Очень холодно, дует пронизывающий ветер, острые снежинки колют лицо. Я кутаюсь в дырявый вязаный платок и иду наощупь вдоль какого-то забора. Почему-то я одна, и, кроме того, я знаю, что теперь у меня нет ни отца, ни шарманки, в которых собственно и заключался для меня весь смысл моего странного существования. Возможно, отец умер от какого-то несчастного случая, или я потеряла его, заблудившись в толпе… Не знаю. Вижу только, как от недоедания и холода я теряю силы, сажусь на землю и, привалившись спиной к скрипучим деревянным воротам, решаю немного передохнуть. Мои глаза закрываются, мысли путаются, и я медленно умираю.

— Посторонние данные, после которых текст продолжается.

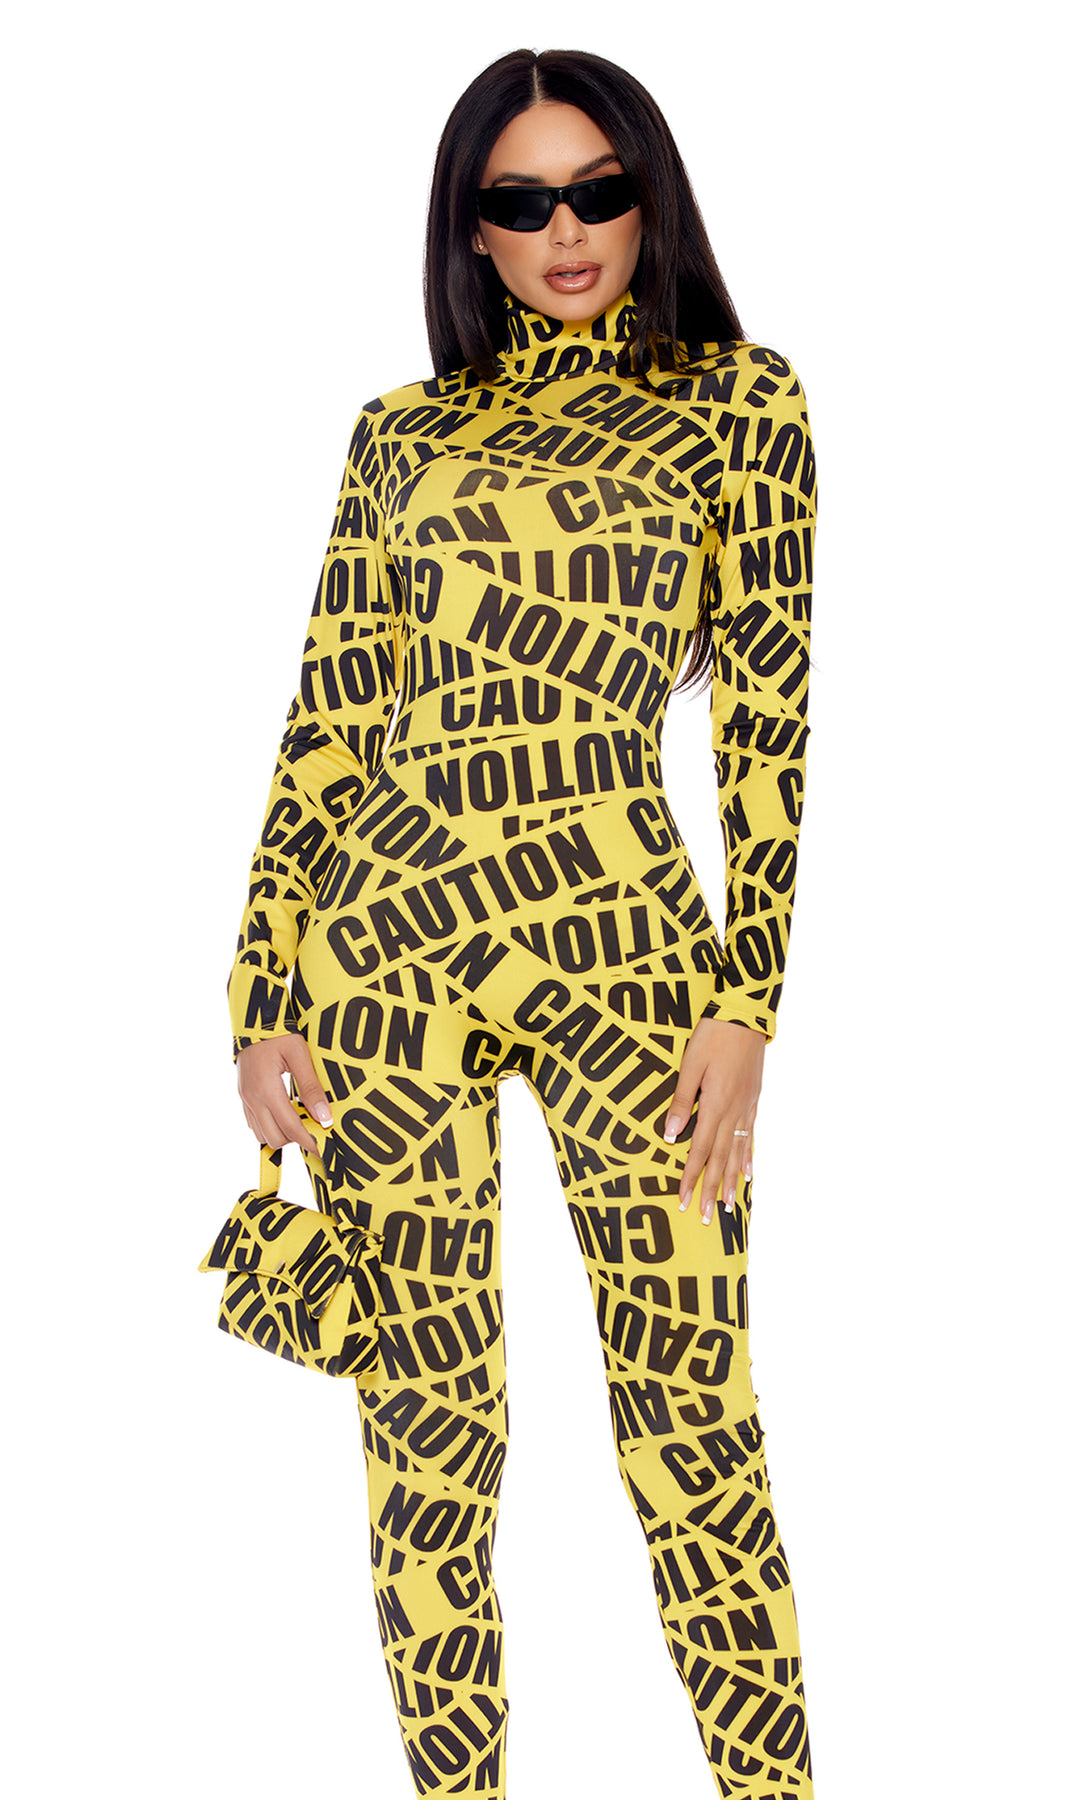 Caution Sexy Caution Tape Costume

— Ну, что ты об этом думаешь? — спросила я.

— Думаю, что я был прав, когда говорил тебе, что мы не всегда были вместе.

Я засмеялась:

— Разве можно такую жизнь брать в расчет? Тут я и не могла тебя встретить. Это так… Просто перебивка между серьезными кадрами.

— А кто был этот человек, который считался твоим отцом? Ты его узнала?

— Да, сразу же, — задумчиво ухмыльнулась я. — Это один мой знакомый…

— Один из тех, кого ты когда-то любила? — спросил он намеренно безразличным тоном.

— Любила? — удивилась я. — Чтобы это утверждать, надо сначала определиться, что именно брать за образец. Если сравнивать все мои чувства, которые в разные годы я испытывала к тем или иным мужчинам, с той любовью, которую я ощущаю к тебе, то можно сказать со стопроцентной уверенностью, что кроме тебя я никогда и никого не любила. Если же считать, что ты это только миф, навеянный моим воображением, то тогда конечно — я была влюблена далеко не один раз.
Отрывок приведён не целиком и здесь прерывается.